AI Automated dubbing : End to end Youtube audio Translation Platform using AWS serverless architecture (AWS lambda)
Imagine watching any youtube video (eg: Documentary) with audio in your native language irrespective of what its original language was. This is an end to end video translation platform using AWS AI services that just does that in one click without human intervention.
The input to the program is a youtube video url link in any language. Works best for single speaker videos (Eg: Documentaries, Monologues etc). Currently only English and Spanish input languages are supported by Amazon Transcribe. So input youtube url link should be in English(US) or Spanish(US).
But if you adapt this to Google cloud services you could work with many other languages.
The output is a downloaded video with the audio track modified in the language of your choice.
A demo can be seen here: https://www.youtube.com/playlist?list=PLeIs-OgljgIwCJwJUFqWTRZVzM0VTyT4D
Here we are converting an English (USA accent) documentary into different languages (Spanish and Russian) different accents (English - Indian).
1st Video : Original English Audio (American Accent) 2nd Video : Translated English Audio (Indian Accent) 3rd Video : Translated into Spanish Audio 4th Video : Translated into Russian Audio
Another demo can be seen at: https://www.youtube.com/playlist?list=PLeIs-OgljgIyrYeAp7K26I88KfOePJHu4
In this demo you can see a playlist with two videos.
1st Video : English Original Audio
2nd Video : Translated Audio in Chinese (English subtitles available generated using Amazon Transcribe)
Replace the video_translate_credentials.csv in the repository with your own credentials file that has permissions to use the services in AWS that are called.
Create appropriate S3 buckets with the bucket names in Jupyter ipython notebook. Will be evident once you look at the code in jupyter notebook.
Create a conda environment. Clone this repository and switch to the conda environment created. Once inside the environment run:
$ pip install -r requirements.txt
Once you are done with installation of requirements.txt above, run the following command in the terminal:
$ jupyter notebook
Then open the ipython notebook end_to_end_video_translation.ipynb.
Change the two parameters highlighted below in the file accordingly to your input video and expected output language.
Allowed codes for original language: 'en-US' (English USA) and 'es-US' (Spanish USA)
original_language_code = 'en-US'
Allowed codes : en - English, es - Spanish, zh - Chinese, fr - French, ru - Russian , de - German , it - italian,
tr - Turkish, ja - Japanese, pt - Portugese
translated_language_code = 'zh'
Then run all cells. It will prompt for a youtube url that you want to translate after the first cell. Enter any youtube url that you want to translate eg: https://youtu.be/UzZFdEY4vJ0
Wait for processing to be done and find the translated video file(.mp4) in the same folder.
Most of the processing is done in the 3 lambda functions that are called as part of the execution. Only video and audio stitching are done locally.
Everything should run well but if you encounter any ffmpeg errors, install ffmpeg
Services used: Amazon Transcribe, Amazon Translate, Amazon Polly, Lambda (3 different S3 lambda triggers).
Step 1: Once a youtube url is entered the video file(.mp4) is downloaded locally , audio file (.wav) is separated from it. Only the audio file is uploaded to S3 bucket.

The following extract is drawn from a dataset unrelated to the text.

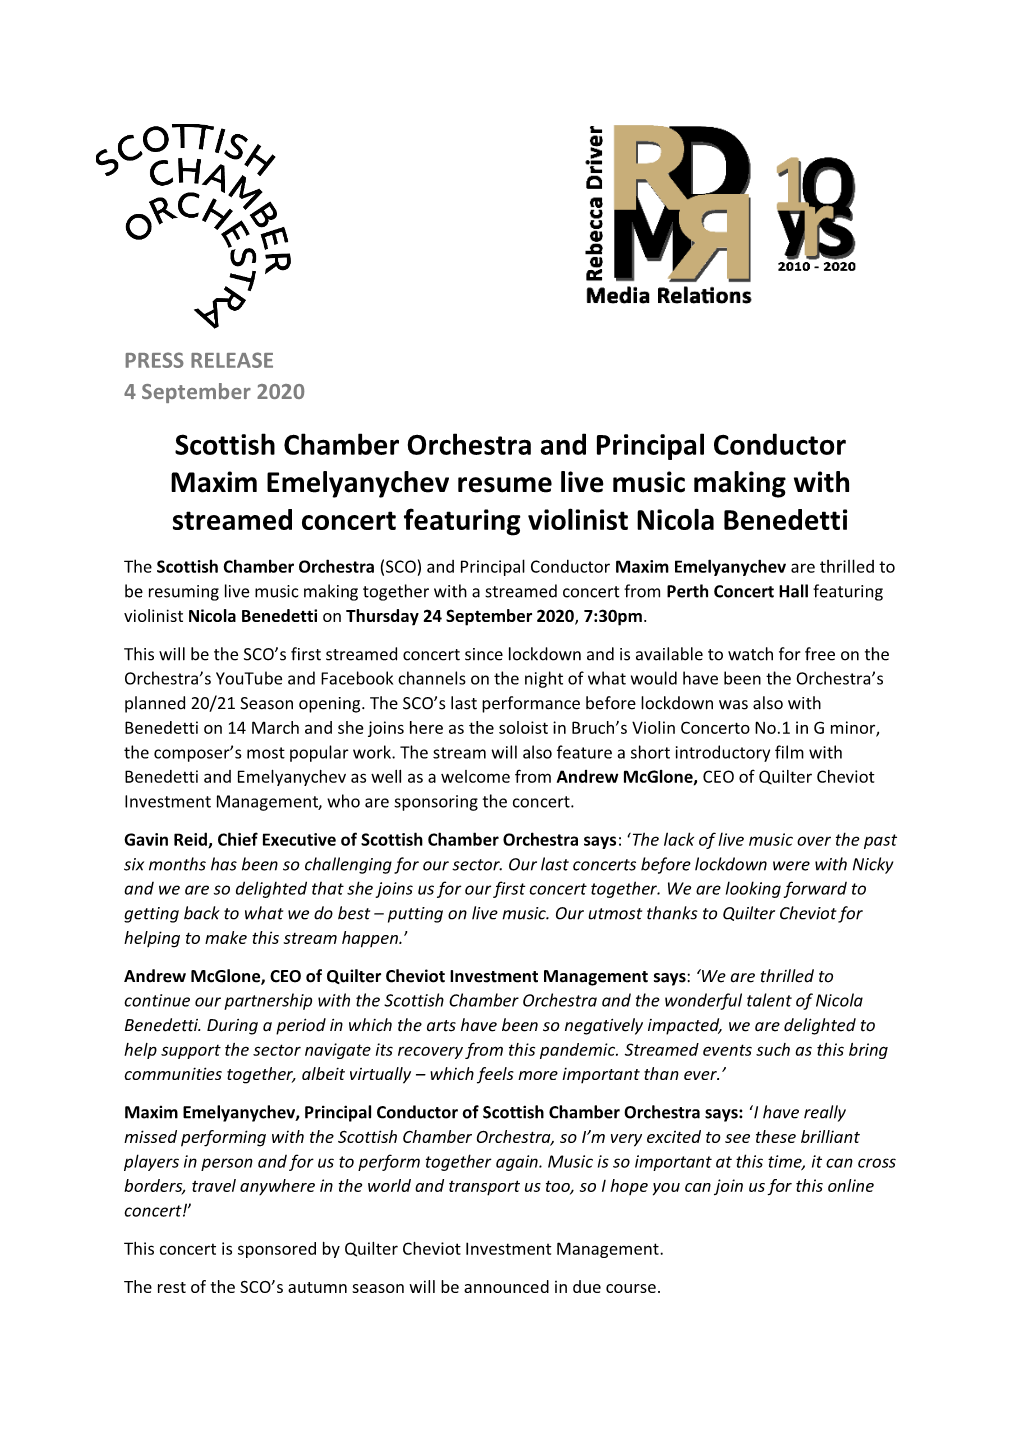 Scottish Chamber Orchestra and Principal Conductor Maxim Emelyanychev Resume Live Music Making with Streamed Concert Featuring Violinist Nicola Benedetti

Step 2: As soon as the audio file(.wav) is uploaded to S3 bucket, the S3 trigger starts a Amazon Transcription job in lambda. This is the first lambda function. Shown in lambda1_s3_trigger_transcription folder in this repository.
Step 3: Once transcription is done, the output json file is stored in another S3 bucket. A new S3 trigger starts a lambda function that converts json to subtitle(.srt) and also uses Amazon Translate to convert the original transcribed subtitle(.srt) file to translated subtitle (srt) file. This is the second lambda function. Shown in lambda2_json_to_srt folder in this repository.
Step 4: Once the translated srt file is available in S3 bucket, an S3 trigger starts
another lambda function. This lambda function does two jobs.
1) First it uses the translated subtitle file to mute out the audio in the original audio file(.wav) at the timeframes available in translated subtitle file. This essentially mutes the voice in the original audio file and preserves any other areas where there was music or background noise.
2) Using Amazon Polly, voice is synthesized for every line in the translated subtitle
file and overlayed onto the original voice muted audio from step 1 above. Here "max duration" parameter from ssml is used to make sure that
the translated and synthesized voice of polly doesn't exceed the duration of the original language subtitle duration.
This is the third lambda function.
Shown in lambda3_srt_to_audio folder in this repository.
Step5: The final audio file(.wav) with polly synthesized voice overlayed is downloaded. The audio in original video is replaced with this translated audio and a new translated video(.mp4) is generated locally.